I modified the posted patch with the following:
diff --git a/arch/x86/include/asm/apic.h b/arch/x86/include/asm/apic.h
index bf32309..dc3e192 100644
--- a/arch/x86/include/asm/apic.h
+++ b/arch/x86/include/asm/apic.h
@@ -441,7 +441,7 @@ static inline void ack_APIC_irq(int vector)
if (vector >= 16) {
unsigned v = apic_read(APIC_ISR + ((vector & ~0x1f) >> 1));
v >>= vector & 0x1f;
- WARN_ON_ONCE(!(v & 1));
+ WARN(!(v & 1), "ack_APIC_irq: vector = %0x\n", vector);
}
/*
* ack_APIC_irq() actually gets compiled as a single instruction

And it showed vector = 1b when booting. However, when I run the reproducer on
an affected machine I get the following WARNs before the hang:

[ 36.301282] ------------[ cut here ]------------
[ 36.301299] WARNING: CPU: 0 PID: 0 at ./arch/x86/include/asm/apic.h:444 apic_ack_edge+0x93/0xa0()

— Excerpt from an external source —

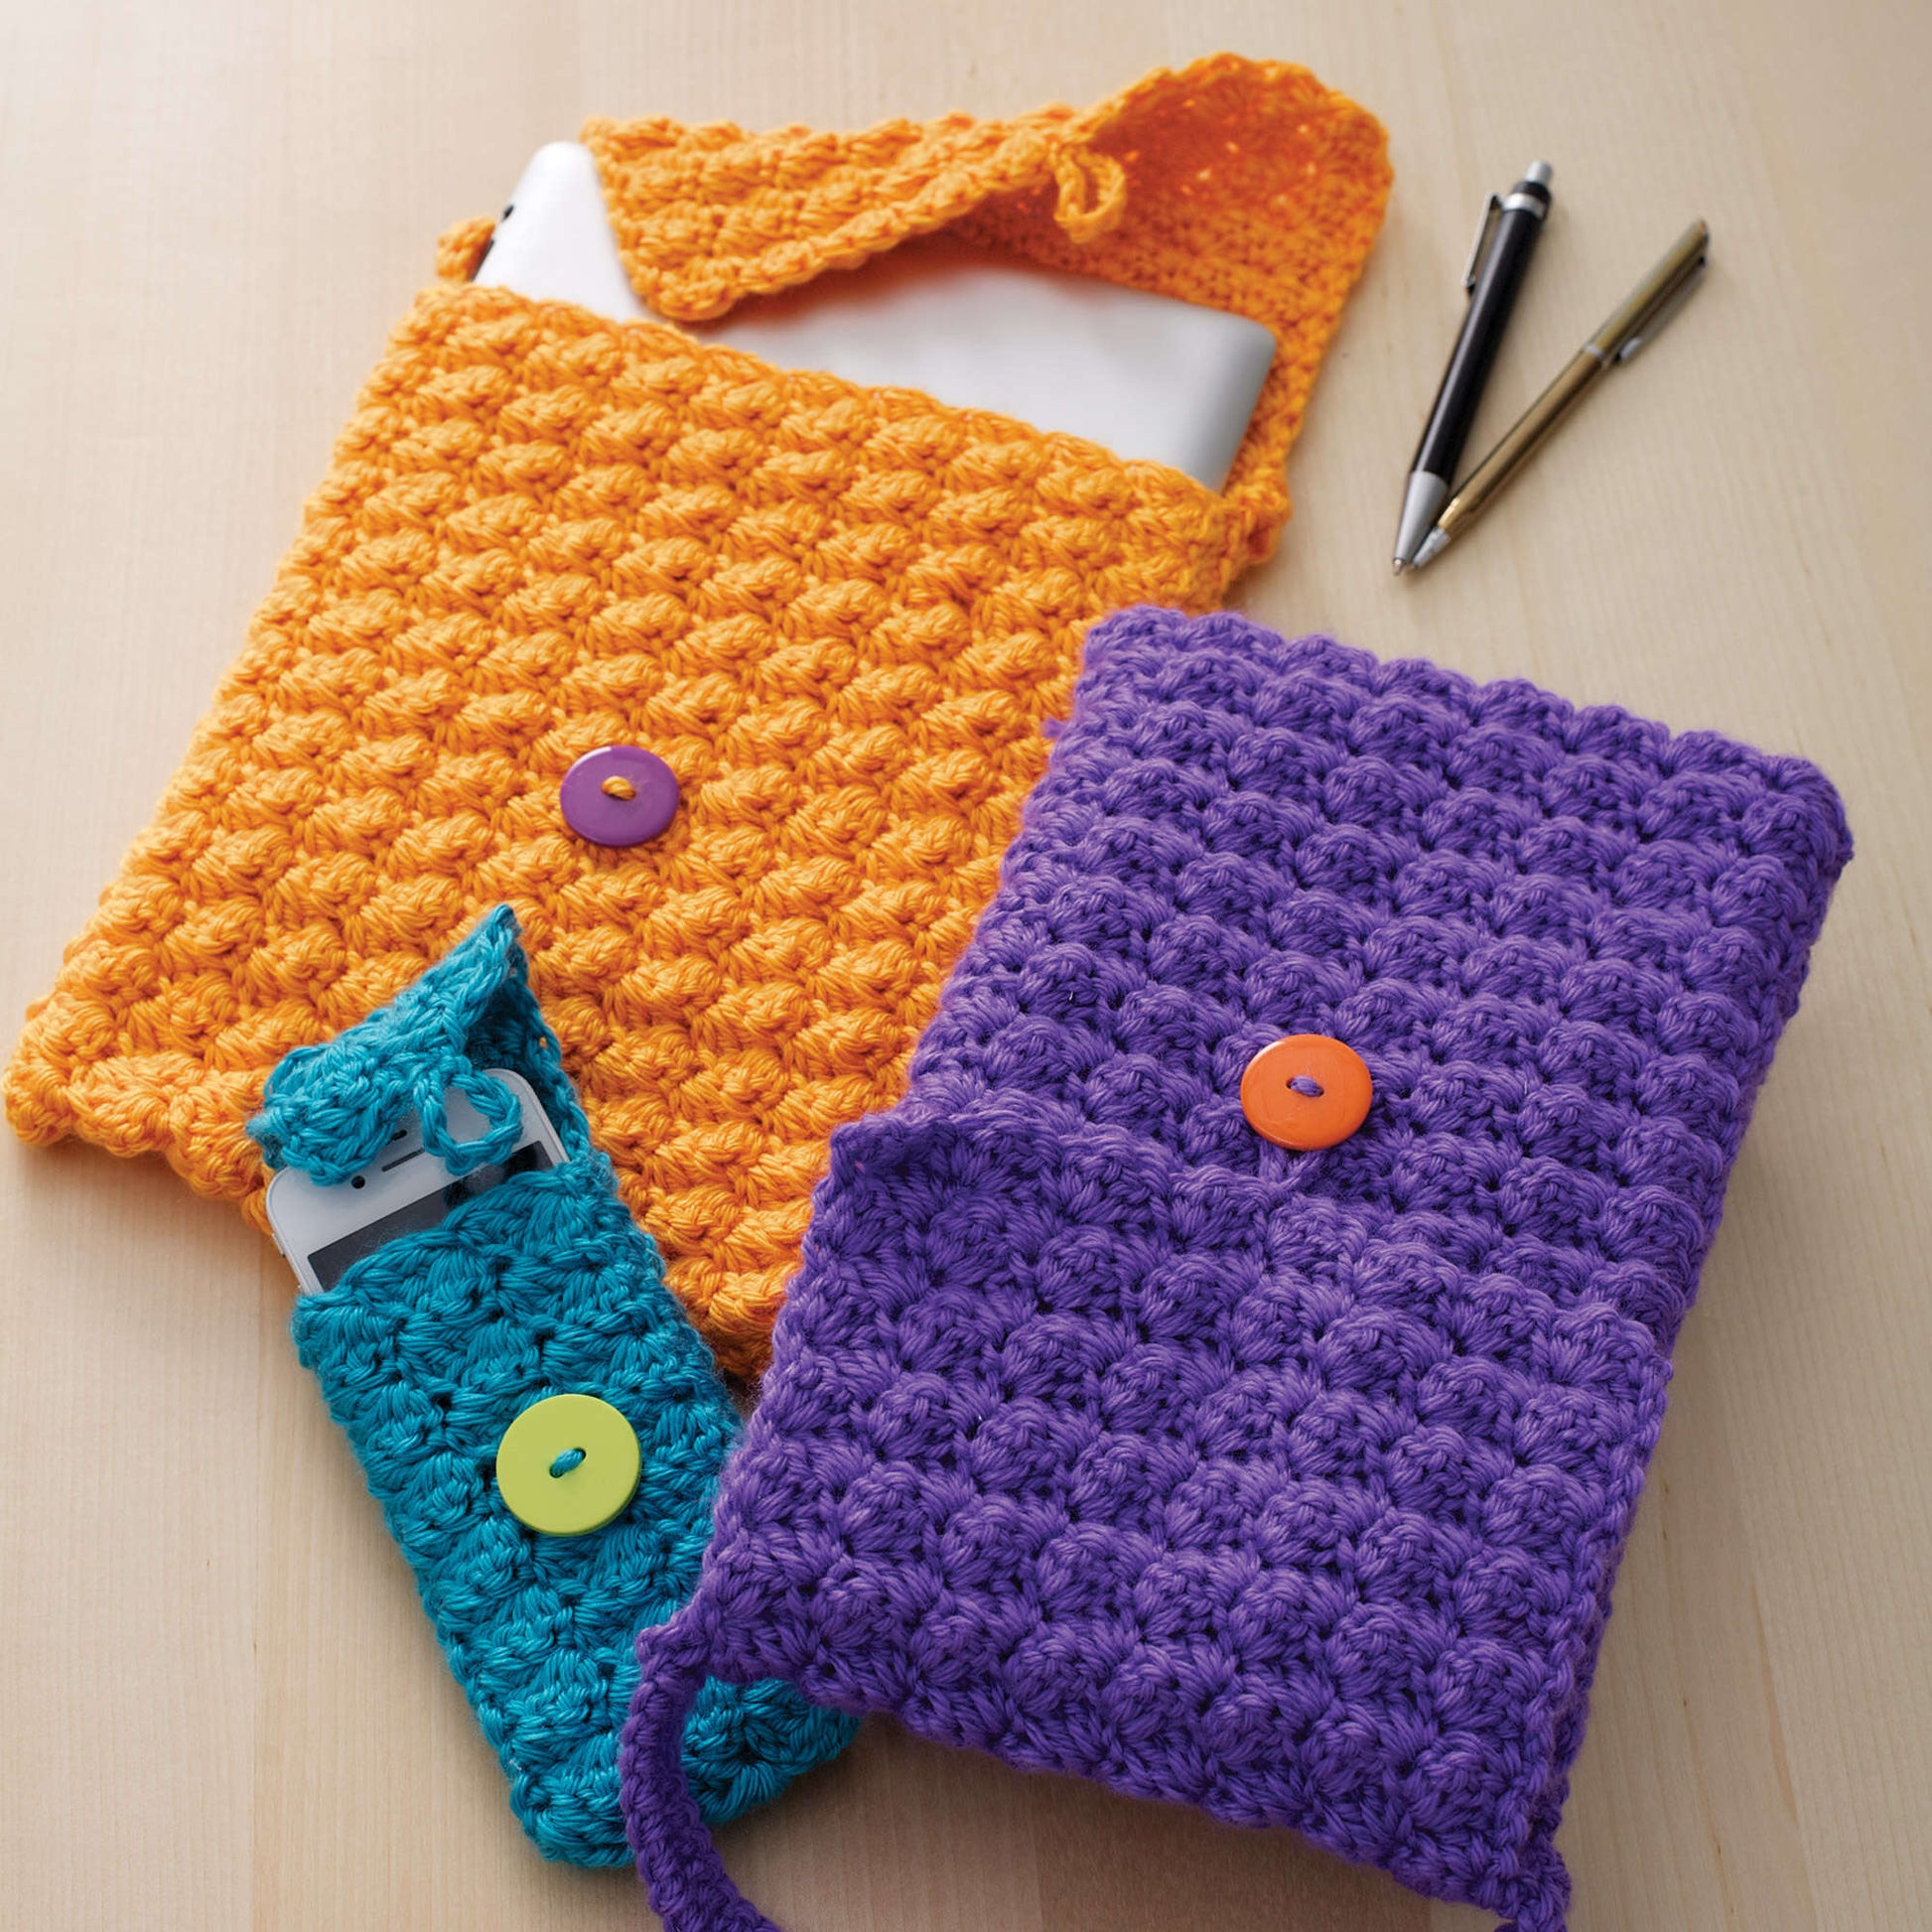 Free Caron Crochet Cell Phone Or Tablet Cozy Pattern

[ 36.301301] ack_APIC_irq: vector = e1
[ 36.301303] Modules linked in: ipt_MASQUERADE(E) nf_nat_masquerade_ipv4(E) iptable_nat(E) nf_nat_ipv4(E) nf_nat(E) nf_conntrack_ipv4(E) nf_defrag_ipv4(E) xt_conntrack(E) nf_conntrack(E) ipt_REJECT(E) nf_reject_ipv4(E) xt_CHECKS
UM(E) iptable_mangle(E) xt_tcpudp(E) bridge(E) stp(E) llc(E) ip6table_filter(E) ip6_tables(E) iptable_filter(E) ip_tables(E) ebtable_nat(E) ebtables(E) x_tables(E) dm_crypt(E) ppdev(E) kvm_intel(E) kvm(E) parport_pc(E) pvpanic(E)
parport(E) serio_raw(E) mac_hid(E) i2c_piix4(E) nls_utf8(E) isofs(E) cirrus(E) psmouse(E) syscopyarea(E) sysfillrect(E) sysimgblt(E) ttm(E) floppy(E) drm_kms_helper(E) drm(E) pata_acpi(E)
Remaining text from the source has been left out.